Current Research

A novel pharmaco-genetic method for studying neural circuitry

To understand how different neuronal types function in networks and, ultimately, how they influence behaviour, it would be useful if the activity of these neurons could be influenced reversibly [1]. Although genes can be turned on and off cell-type-selectively, these methods applied to the mouse brain are too slow (weeks) to study fast-acting systems. Acute pharmacological intervention is the most promising strategy: drug action should be cell-type-selective, immediate, reversible and stoppable by an antagonist. Our strategy, developed collaboratively with the W. Sieghart (Vienna), M. Farrant (London), E. Korpi (Helsinki), and P. Somogyi (Oxford) groups, exploits GABA_A receptor pharmacology to selectively and reversibly attenuate and stimulate neuronal activity. Zolpidem (Zo) and β-carbolines (βCs) enhance and inhibit, respectively, GABA_A receptors with a γ2 subunit. We made a mouse line insensitive to these drugs by changing the codon for phenylalanine 77 (F77) to isoleucine (I) in the γ2 subunit gene [4]; and restored Zo and βC-sensitivity to F77I brains by expressing the wild-type γ2 subunit with cell type-specific transgenes (unpublished). These cell types can then be inhibited or activated with Zo or βCs. The method combines pharmacology (fast, reversible drug action) with genetics (specificity). The strategy can be extended to target many types of neurons.

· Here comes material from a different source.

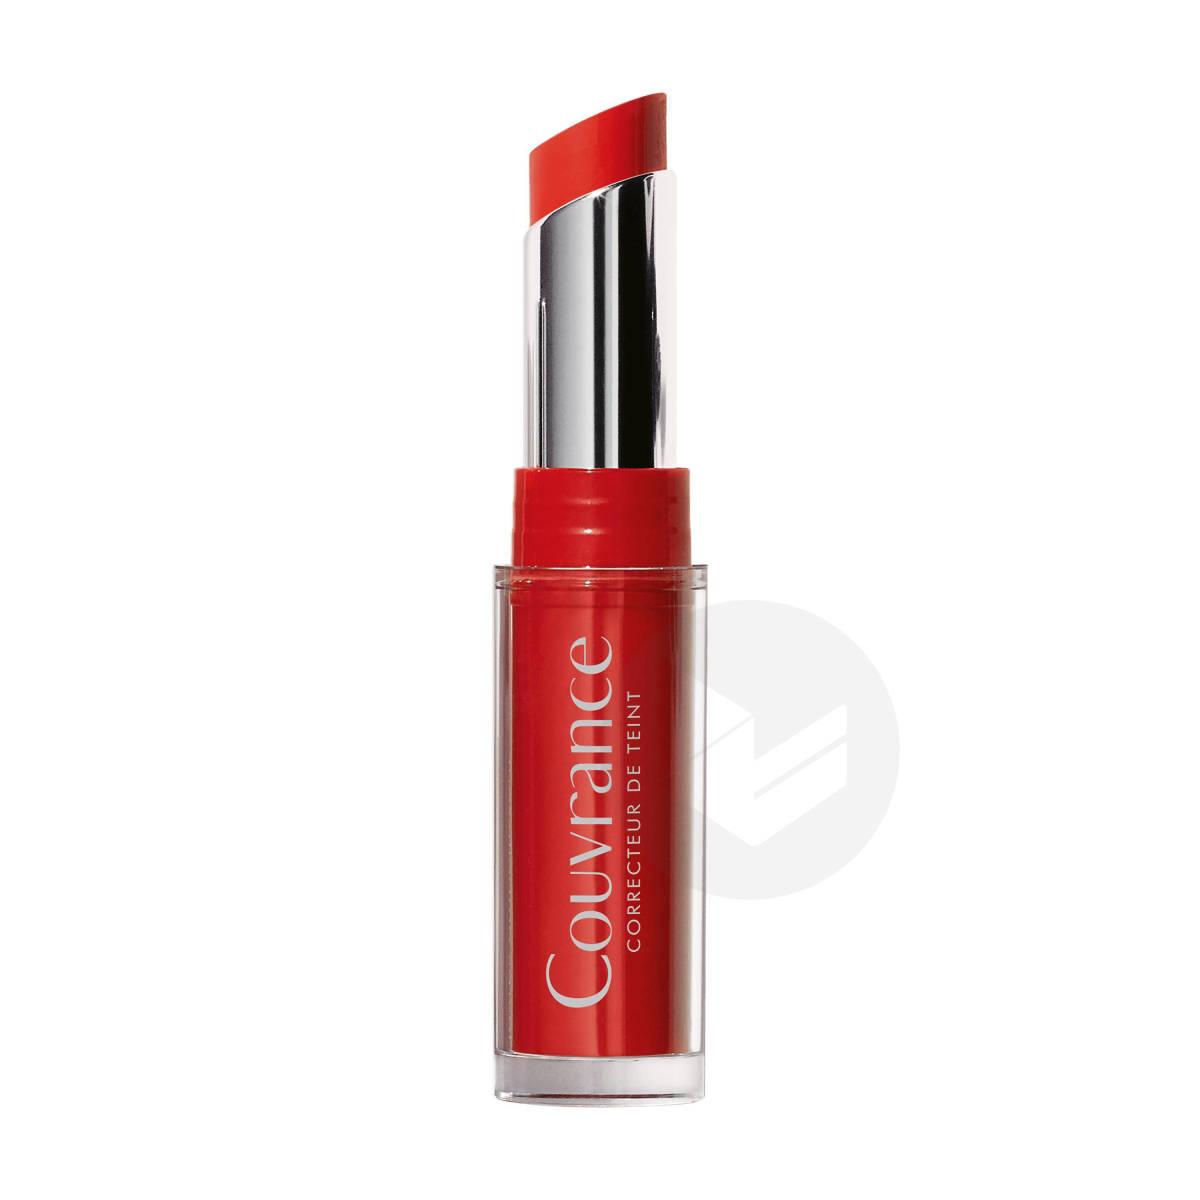 Baume Embellisseur Lèvres Rouge Eclat 3g

GABAA receptor and two-pore domain potassium (2PK) channel diversity

This project, in collaboration with Dr Mark Farrant and Prof. Stuart Cull-Candy at the Dept of Pharmacology, UCL, London, and Dr Stephen Brickley (Imperial College, London), initially focused on why cerebellar granule cells have a multiplicity of GABAA receptor subtypes, specifically, the role of tonic (extrasynaptic) and phasic (synaptic) inhibition, and then lead us into the biology of potassium leak conductances (TASK1 and –3 channels) [2]. Using mice with Cre recombinase selectively expressed in mouse cerebellar granule cells [3], we aim to dissect the roles of synaptic and extrasynaptic inhibition by specifically deleting synaptic GABA-A receptors; we have also generated TASK1 and TASK3 KO mice. This project has expanded to look at the general biology of TASK channels, as they are found in many brain regions and in organs such as the heart and adrenal glands.

Inhibition onto granule cells from the GABergic Golgi cell terminals occurs via synaptic αβγ2 GABA(A) receptors (blue, phasic) and extrasynaptic a6δ-containing GABA(A) receptors (red, tonic). Part of the resting membrane potential is determined by tonic potassium conductances (K2P, green).